#### WHAT IS BEING ASKED
Quote the data below in full, minus the images.

#### DATA SHOWN
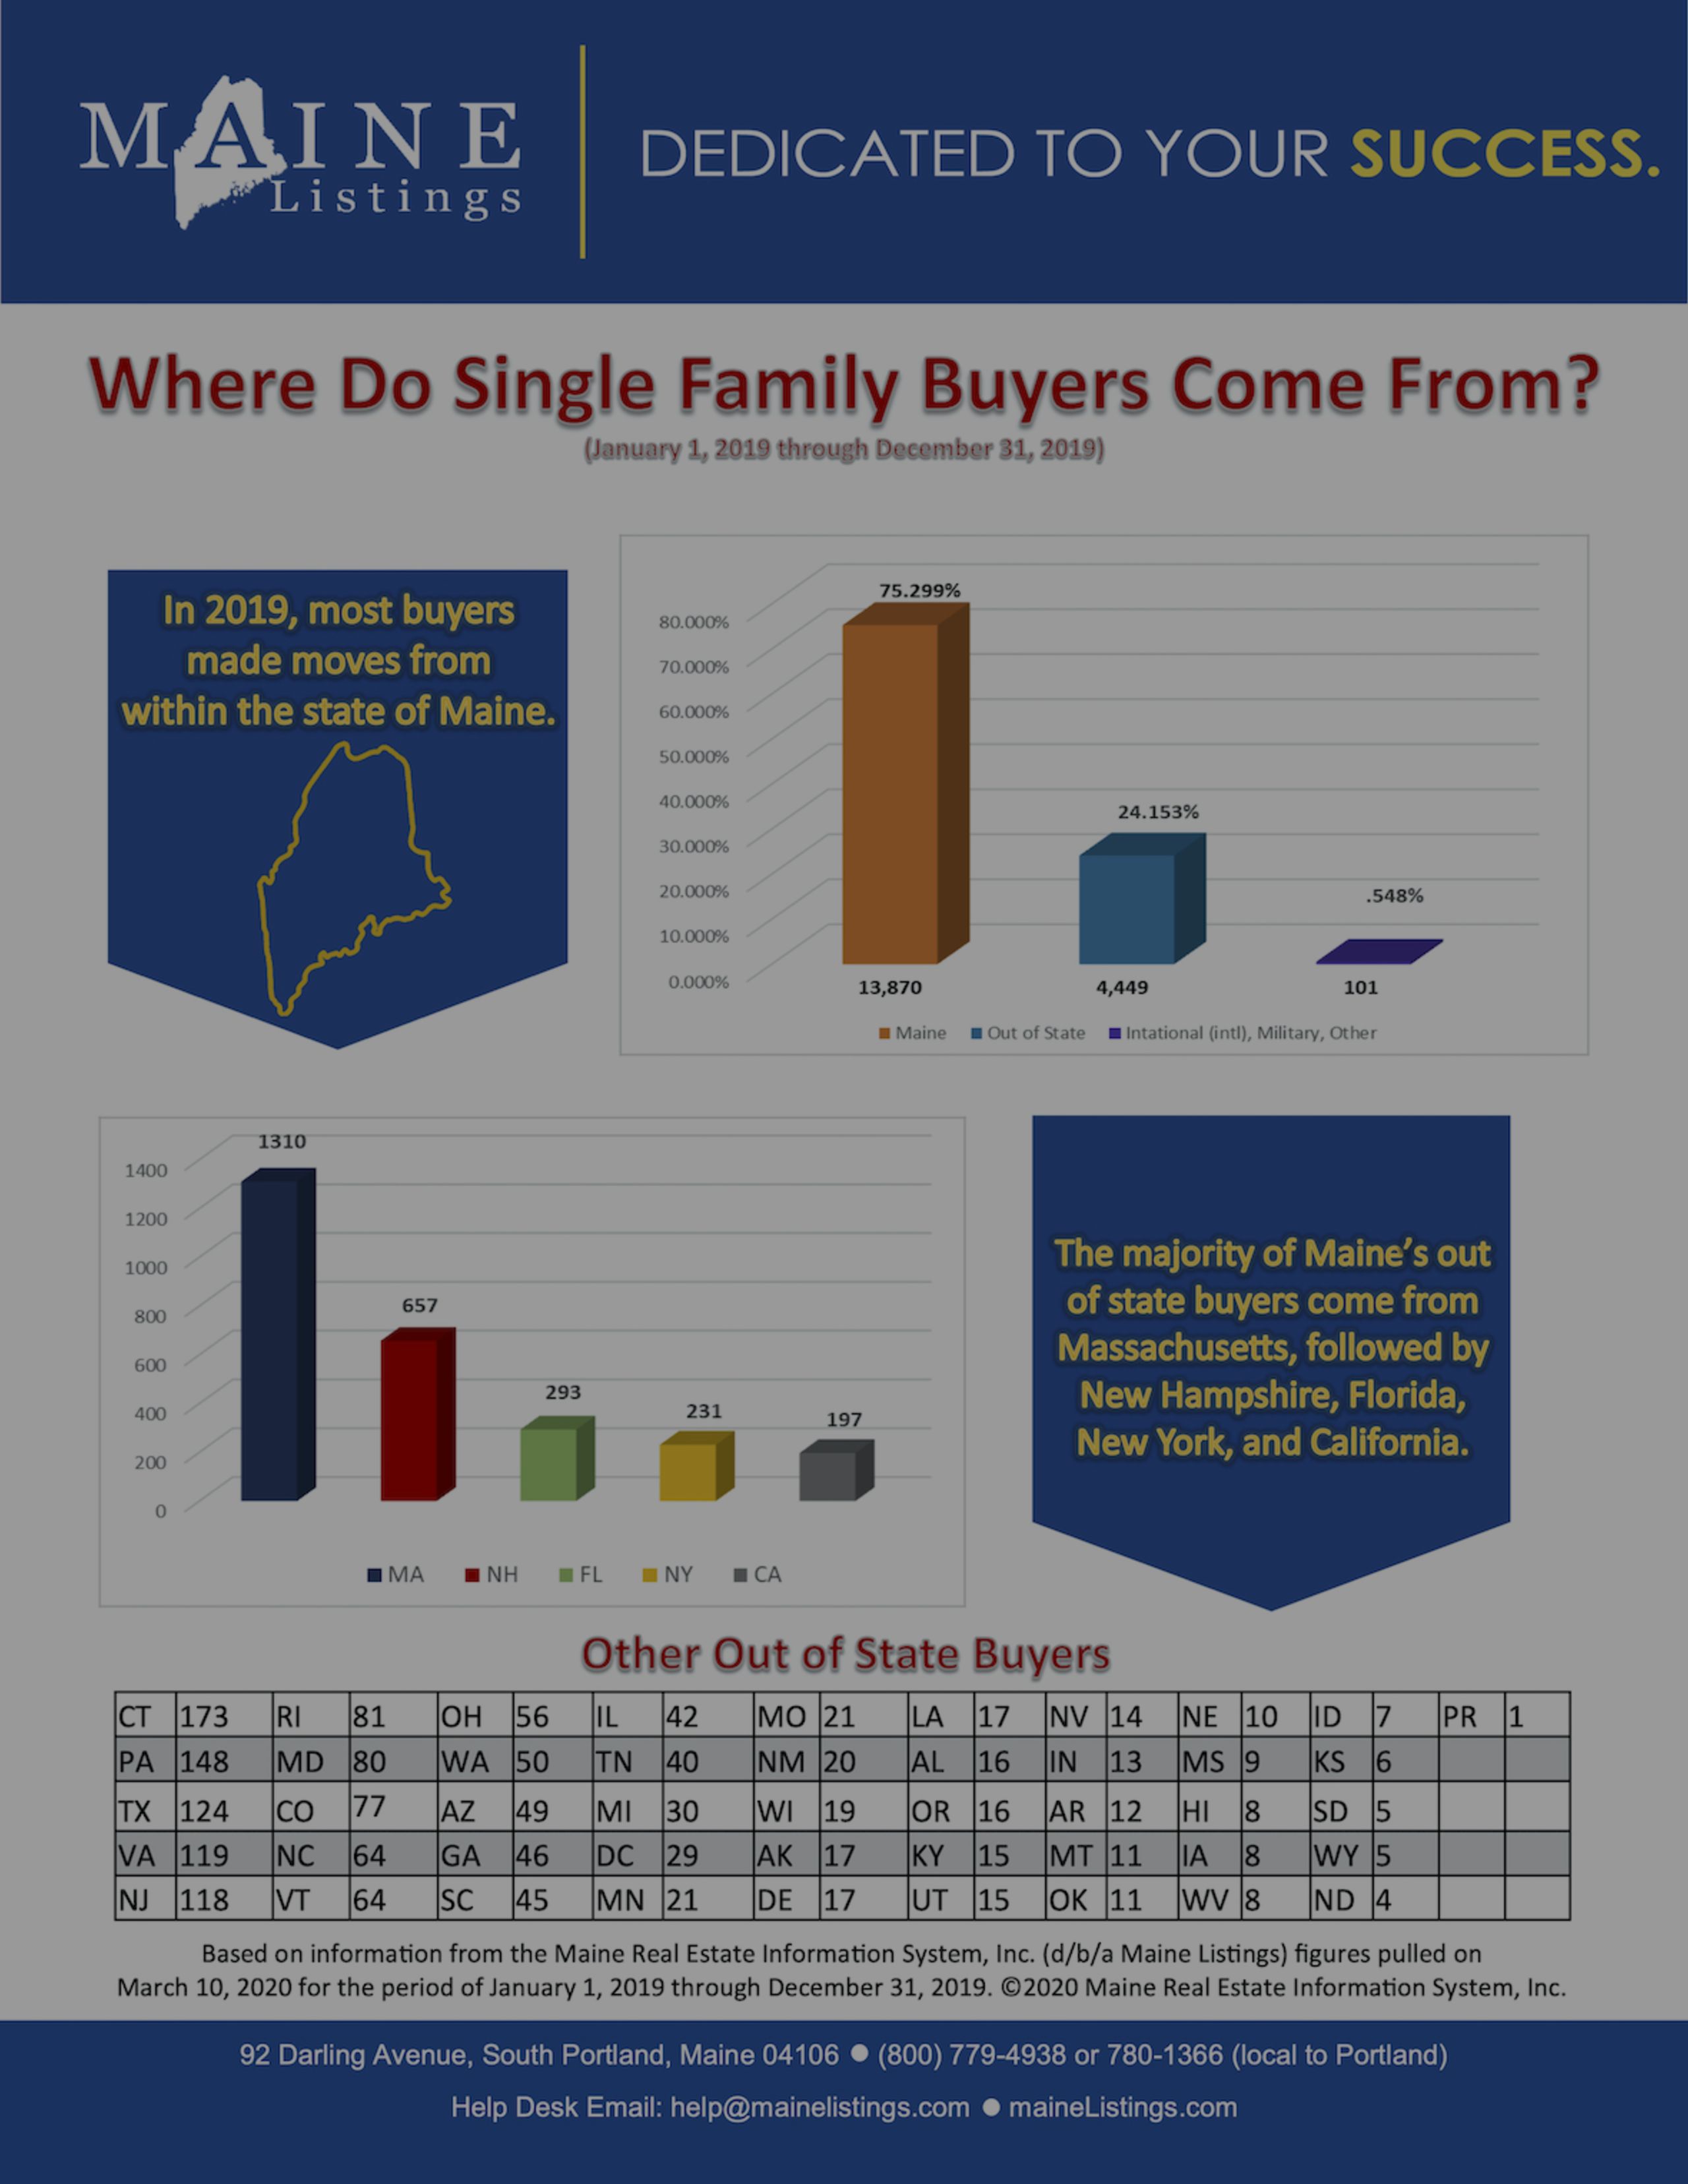 Where Do Single Family Buyers Come From?
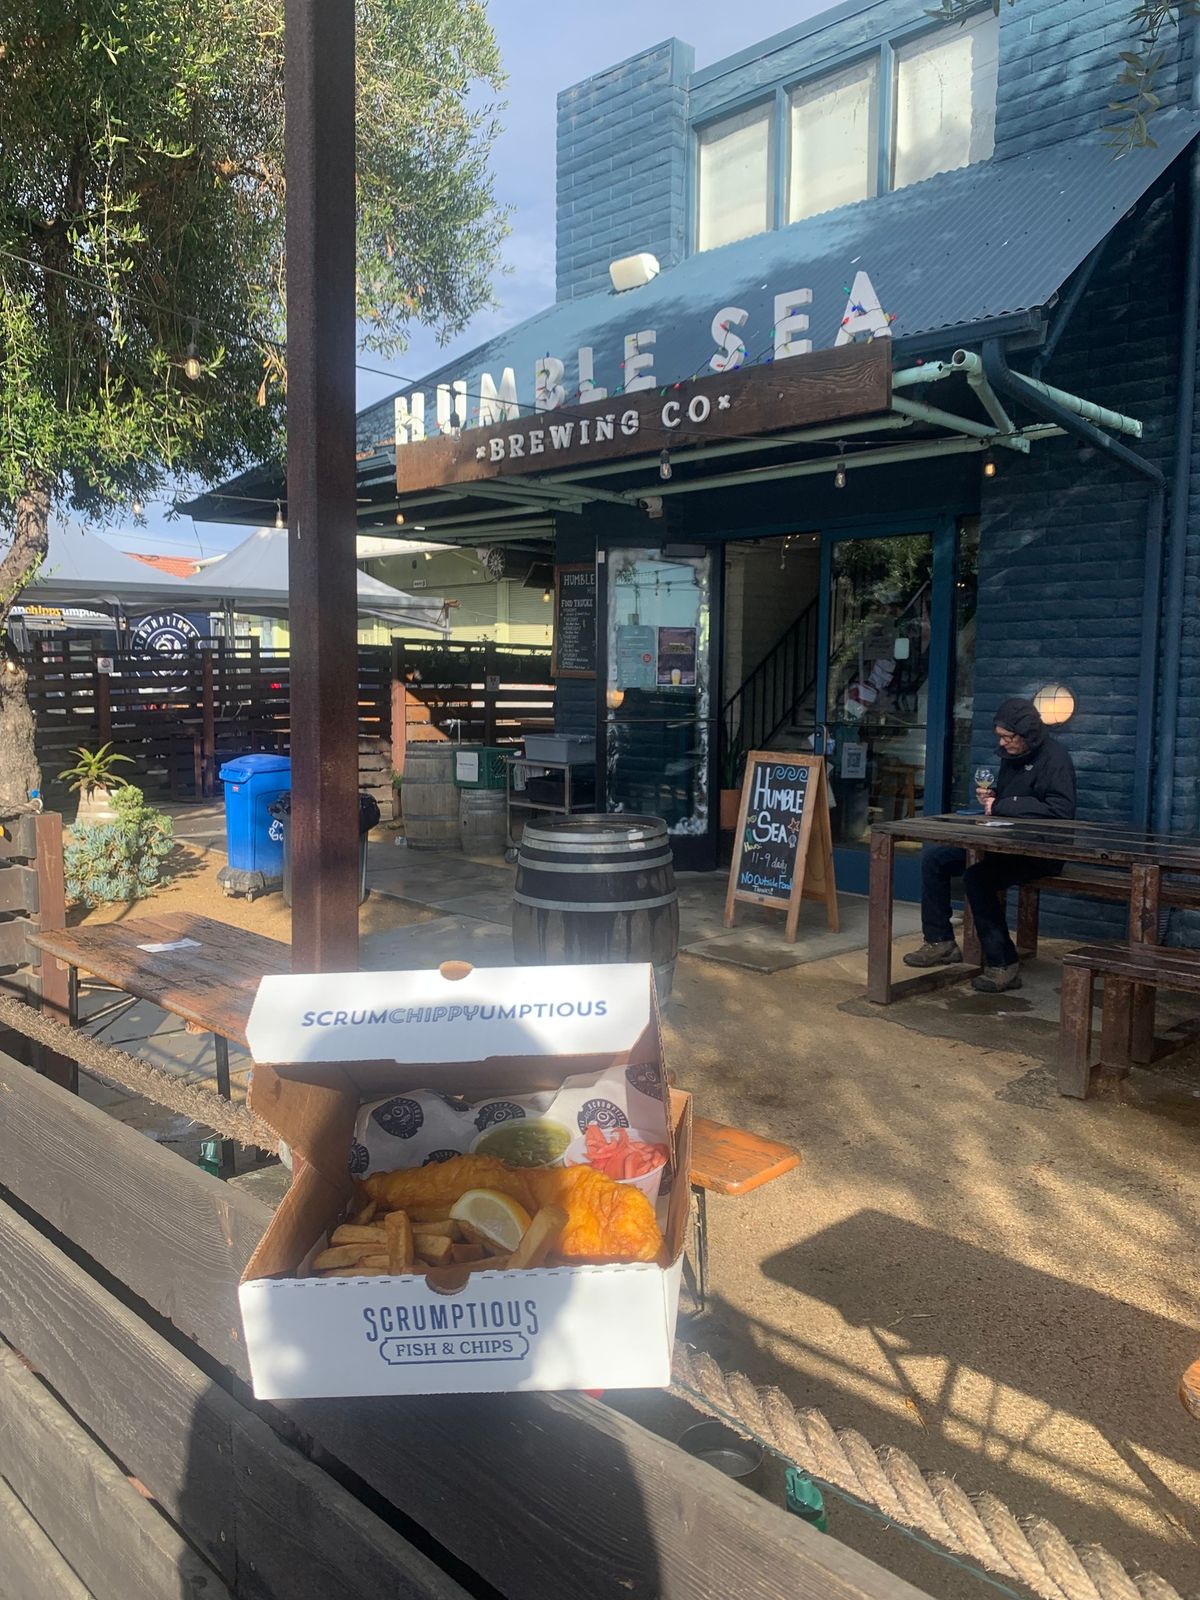 Scrumptious Fish & Chips @ Humble Sea Brewery
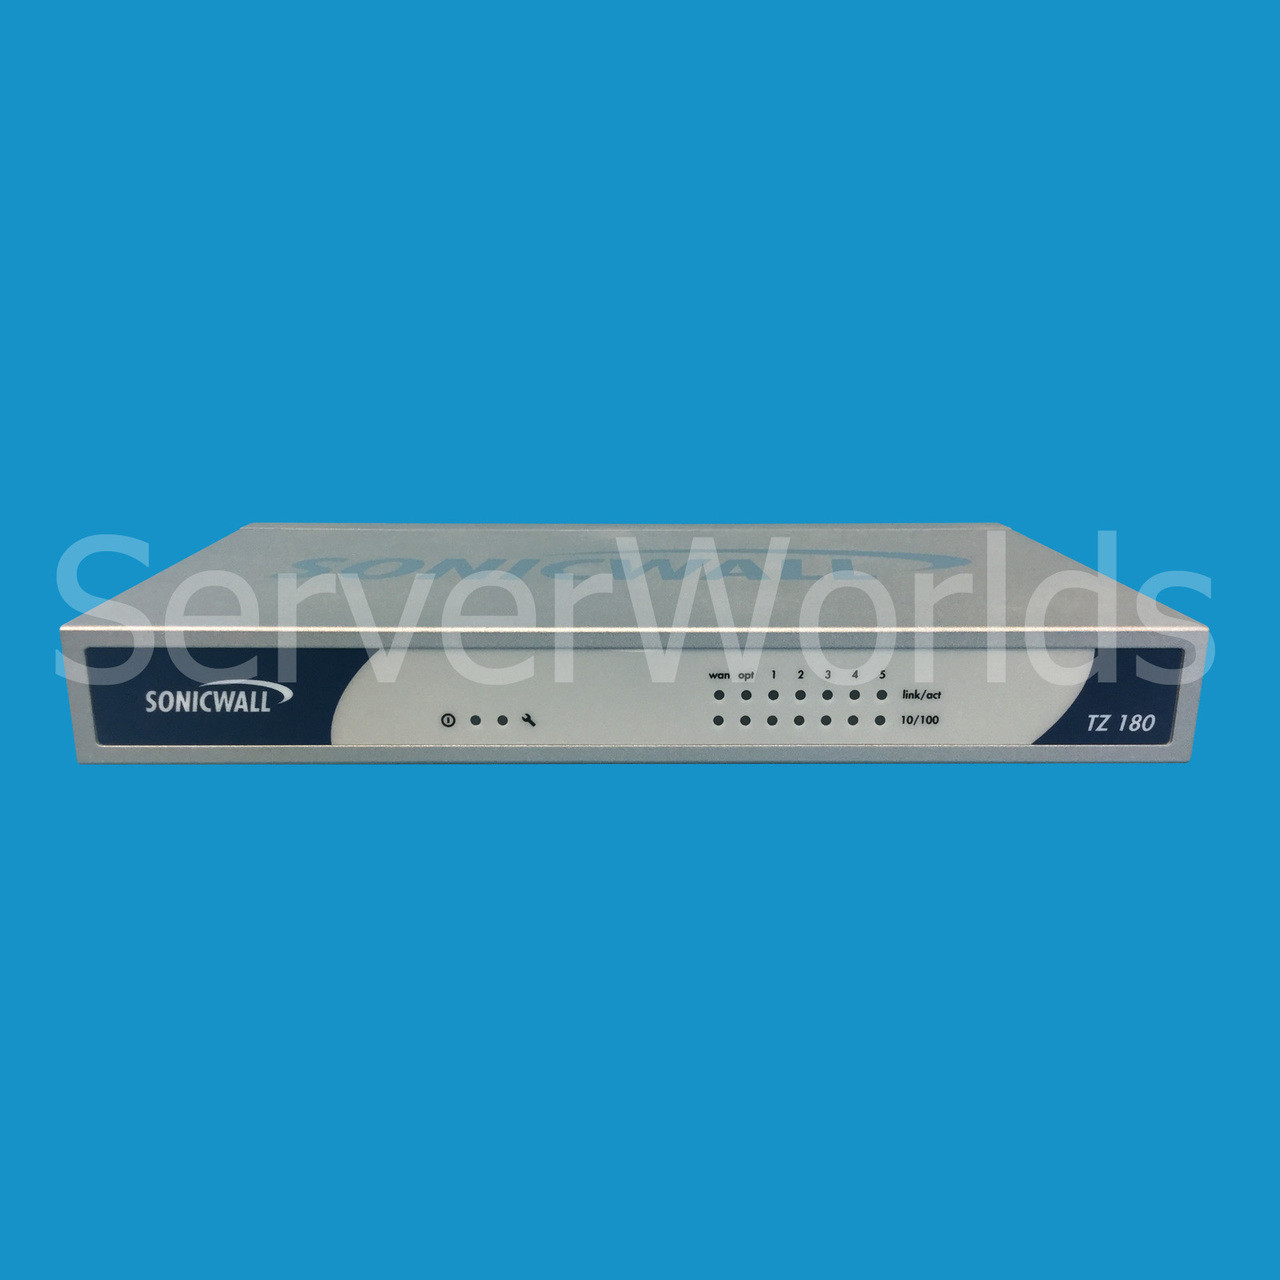 SonicWall TZ180 Wireless VPN Fireall Security Router

#### SOLVED EXERCISE
 Where Do Single Family Buyers Come From?
 Scrumptious Fish & Chips @ Humble Sea Brewery
 SonicWall TZ180 Wireless VPN Fireall Security Router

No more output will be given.